THE TASK:
Starting at the line that contains "Logo de Europa Press", return every line down to the end of the records below, exactly as written.

** Opening RECORDS PROVIDED block **

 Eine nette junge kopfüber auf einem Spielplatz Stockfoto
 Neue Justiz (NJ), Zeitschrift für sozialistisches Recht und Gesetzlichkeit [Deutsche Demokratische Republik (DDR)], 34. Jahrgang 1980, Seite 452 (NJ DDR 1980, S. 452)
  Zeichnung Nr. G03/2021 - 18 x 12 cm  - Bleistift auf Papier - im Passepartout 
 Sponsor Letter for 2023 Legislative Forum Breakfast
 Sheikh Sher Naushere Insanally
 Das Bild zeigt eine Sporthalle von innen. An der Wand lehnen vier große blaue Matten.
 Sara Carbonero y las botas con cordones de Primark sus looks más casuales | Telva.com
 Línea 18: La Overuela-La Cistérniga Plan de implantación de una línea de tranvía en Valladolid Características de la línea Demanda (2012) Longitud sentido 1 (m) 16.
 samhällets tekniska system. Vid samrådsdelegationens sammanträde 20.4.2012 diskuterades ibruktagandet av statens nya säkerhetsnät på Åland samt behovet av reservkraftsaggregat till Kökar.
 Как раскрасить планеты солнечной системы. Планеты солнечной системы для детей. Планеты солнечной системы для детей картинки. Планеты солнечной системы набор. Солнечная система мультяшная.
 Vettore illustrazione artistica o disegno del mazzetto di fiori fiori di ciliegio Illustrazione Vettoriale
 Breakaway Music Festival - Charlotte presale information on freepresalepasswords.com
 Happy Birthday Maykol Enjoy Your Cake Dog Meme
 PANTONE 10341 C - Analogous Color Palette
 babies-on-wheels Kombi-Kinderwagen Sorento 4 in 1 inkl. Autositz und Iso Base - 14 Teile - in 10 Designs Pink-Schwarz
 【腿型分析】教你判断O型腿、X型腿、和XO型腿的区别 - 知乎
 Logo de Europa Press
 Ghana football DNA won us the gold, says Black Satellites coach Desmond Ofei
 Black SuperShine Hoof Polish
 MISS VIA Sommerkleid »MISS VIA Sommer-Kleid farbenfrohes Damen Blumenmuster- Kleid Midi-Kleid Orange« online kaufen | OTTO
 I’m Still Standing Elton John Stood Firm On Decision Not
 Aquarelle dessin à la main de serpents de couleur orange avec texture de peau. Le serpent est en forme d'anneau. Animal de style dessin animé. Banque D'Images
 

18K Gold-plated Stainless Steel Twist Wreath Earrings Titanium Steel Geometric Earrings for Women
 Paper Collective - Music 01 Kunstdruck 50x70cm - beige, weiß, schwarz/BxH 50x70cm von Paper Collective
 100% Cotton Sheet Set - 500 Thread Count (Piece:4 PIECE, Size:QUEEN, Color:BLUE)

** Closing RECORDS PROVIDED block **

YOUR RESPONSE:
 Logo de Europa Press
 Ghana football DNA won us the gold, says Black Satellites coach Desmond Ofei
 Black SuperShine Hoof Polish
 MISS VIA Sommerkleid »MISS VIA Sommer-Kleid farbenfrohes Damen Blumenmuster- Kleid Midi-Kleid Orange« online kaufen | OTTO
 I’m Still Standing Elton John Stood Firm On Decision Not
 Aquarelle dessin à la main de serpents de couleur orange avec texture de peau. Le serpent est en forme d'anneau. Animal de style dessin animé. Banque D'Images
 

18K Gold-plated Stainless Steel Twist Wreath Earrings Titanium Steel Geometric Earrings for Women
 Paper Collective - Music 01 Kunstdruck 50x70cm - beige, weiß, schwarz/BxH 50x70cm von Paper Collective
 100% Cotton Sheet Set - 500 Thread Count (Piece:4 PIECE, Size:QUEEN, Color:BLUE)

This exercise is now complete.